**Work task**
Give the data below again exactly as written, but without the pictures.

**Dataset section**
——————————

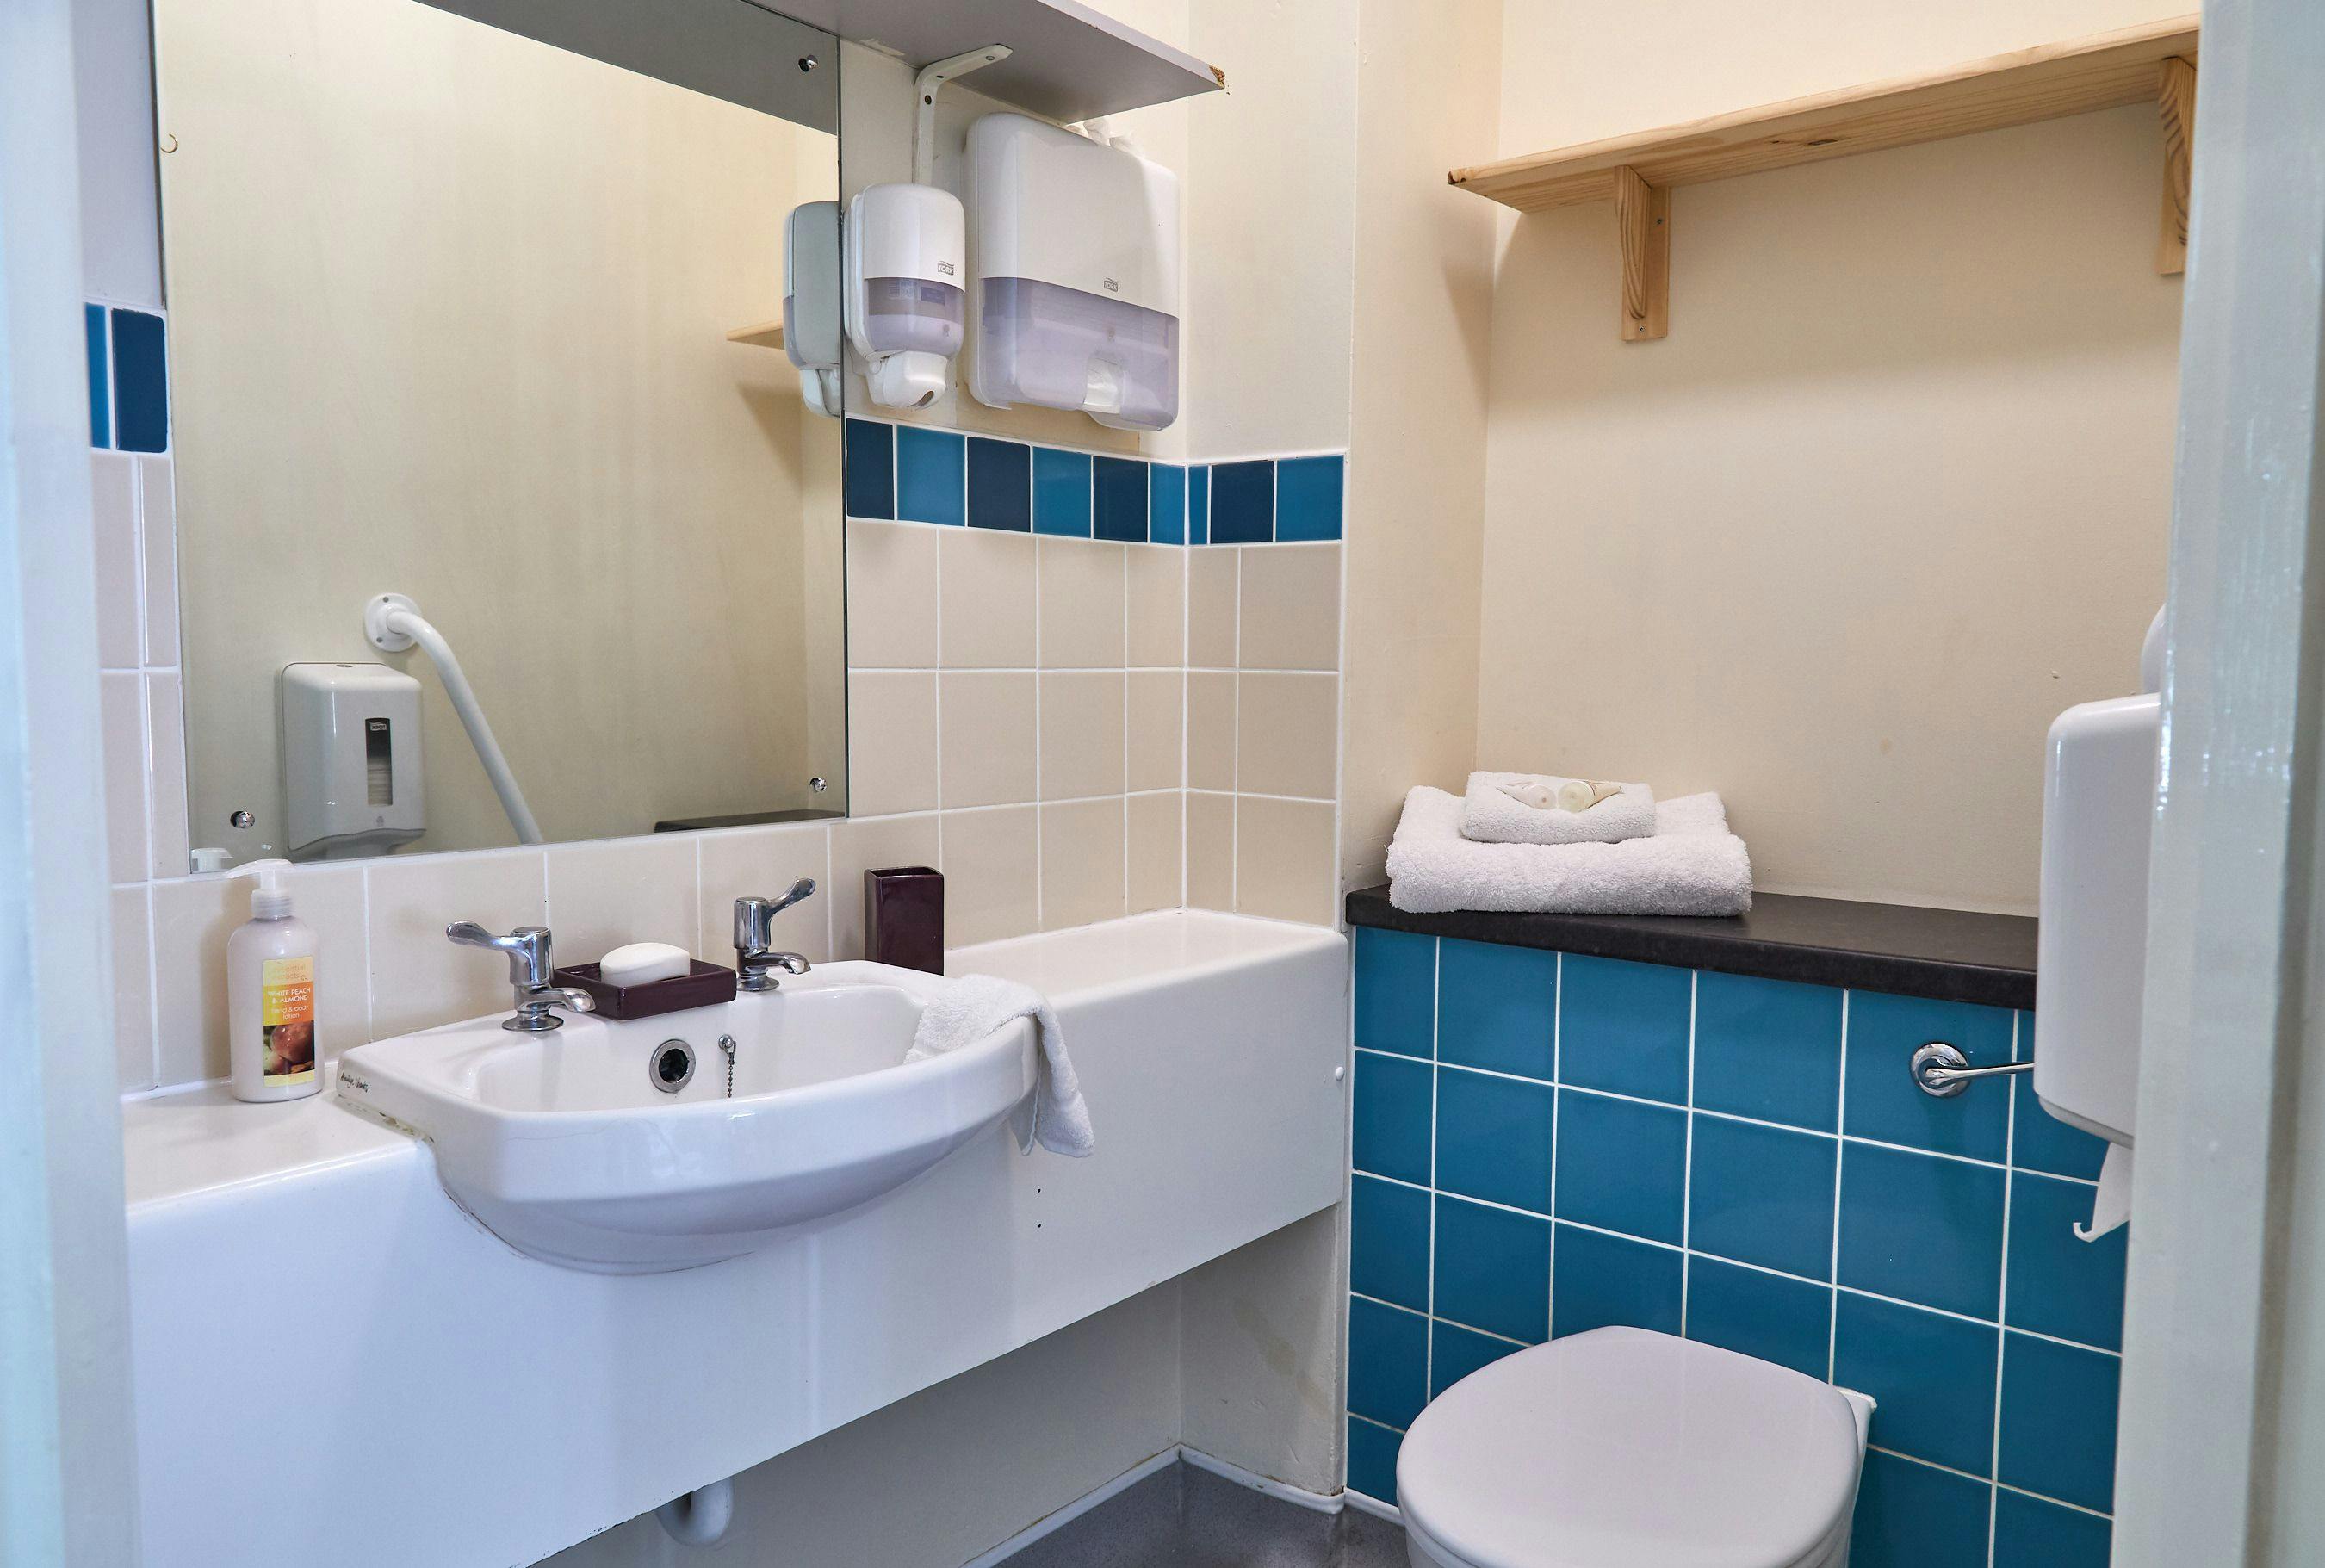 Bathroom of Newlands Care Home in Workington, Cumbria
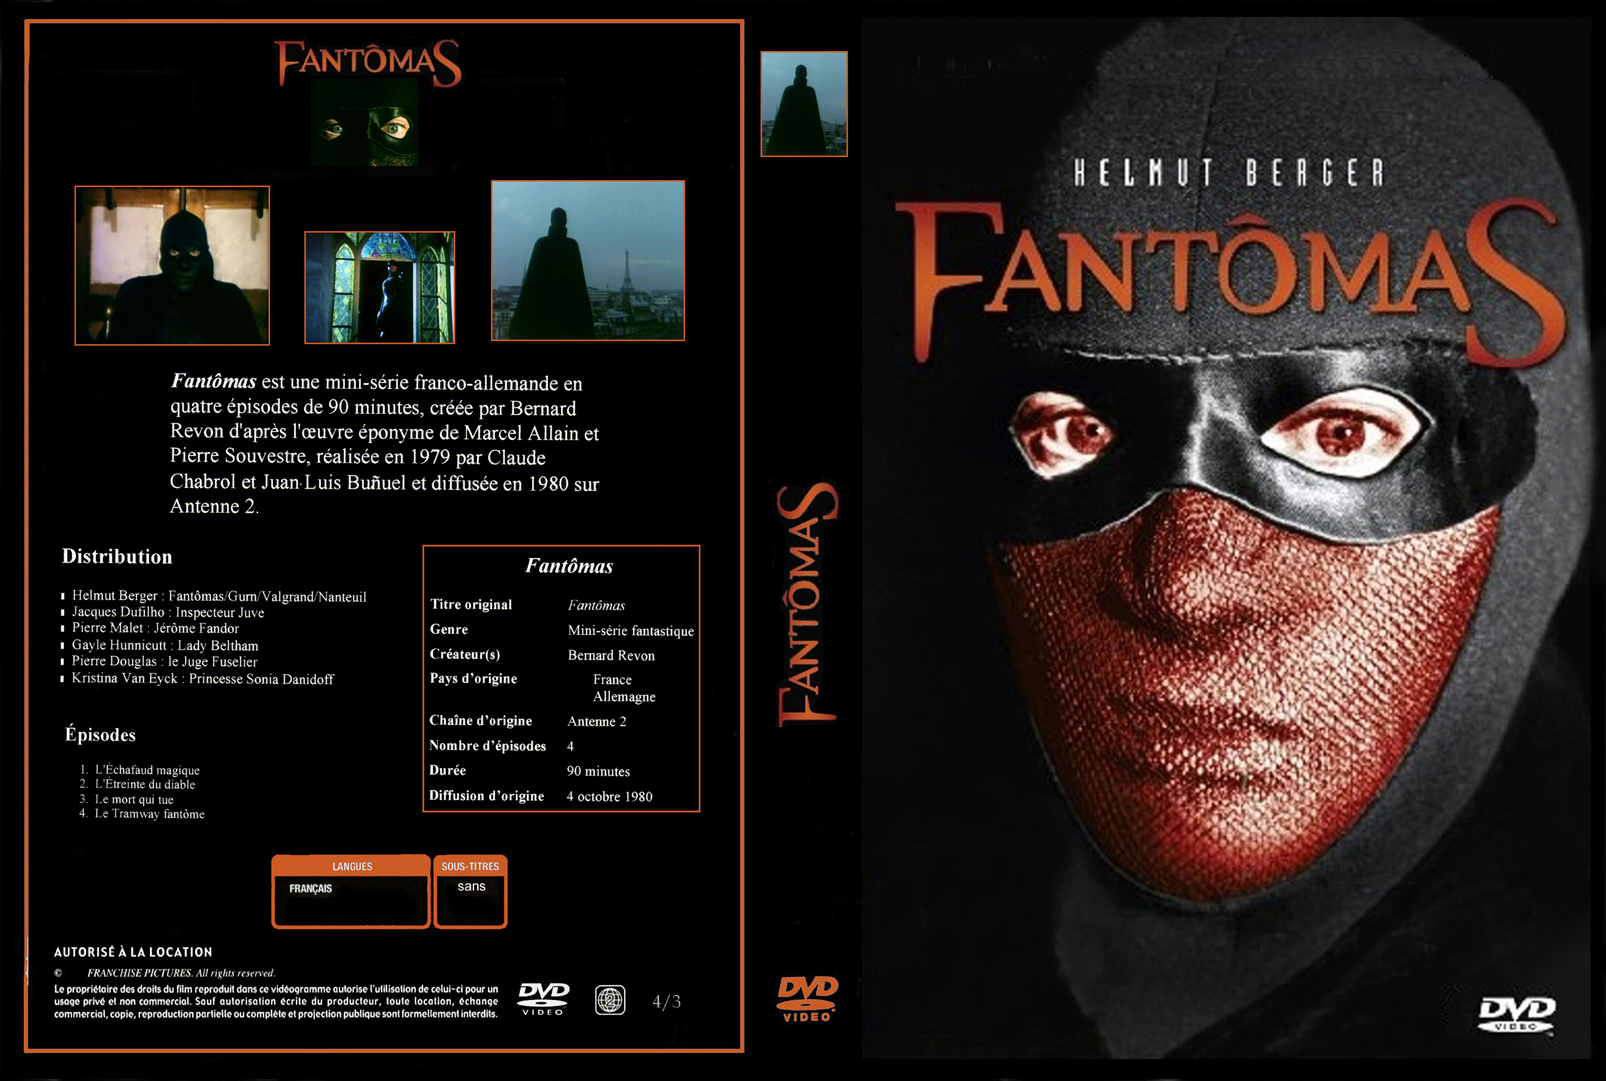 Jaquette DVD Fantomas La srie custom
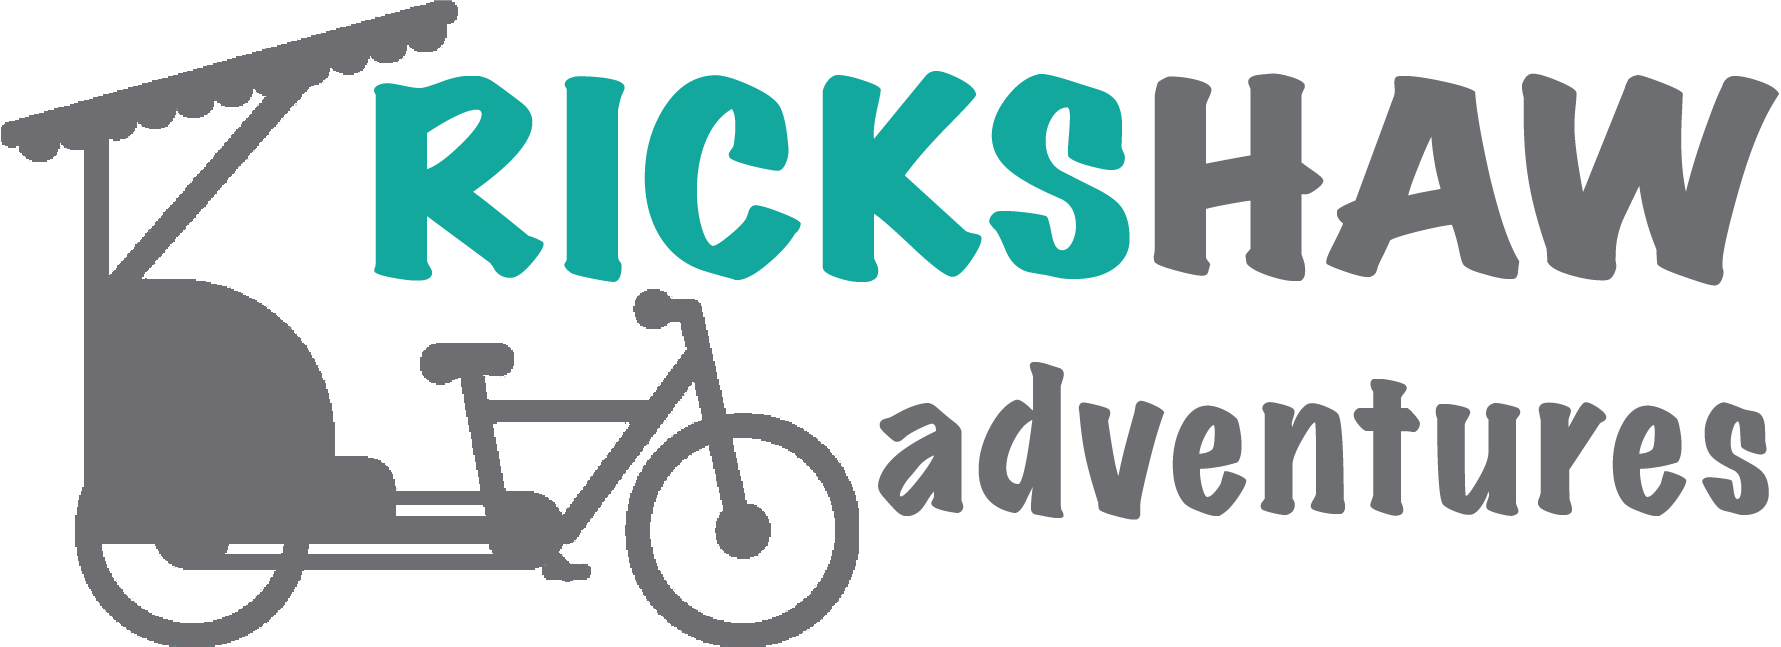 Rickshaw Logo Images, Illustrations & Vectors (Free) - Bigstock

——————————

**Exercise output**
 Bathroom of Newlands Care Home in Workington, Cumbria
 Jaquette DVD Fantomas La srie custom
 Rickshaw Logo Images, Illustrations & Vectors (Free) - Bigstock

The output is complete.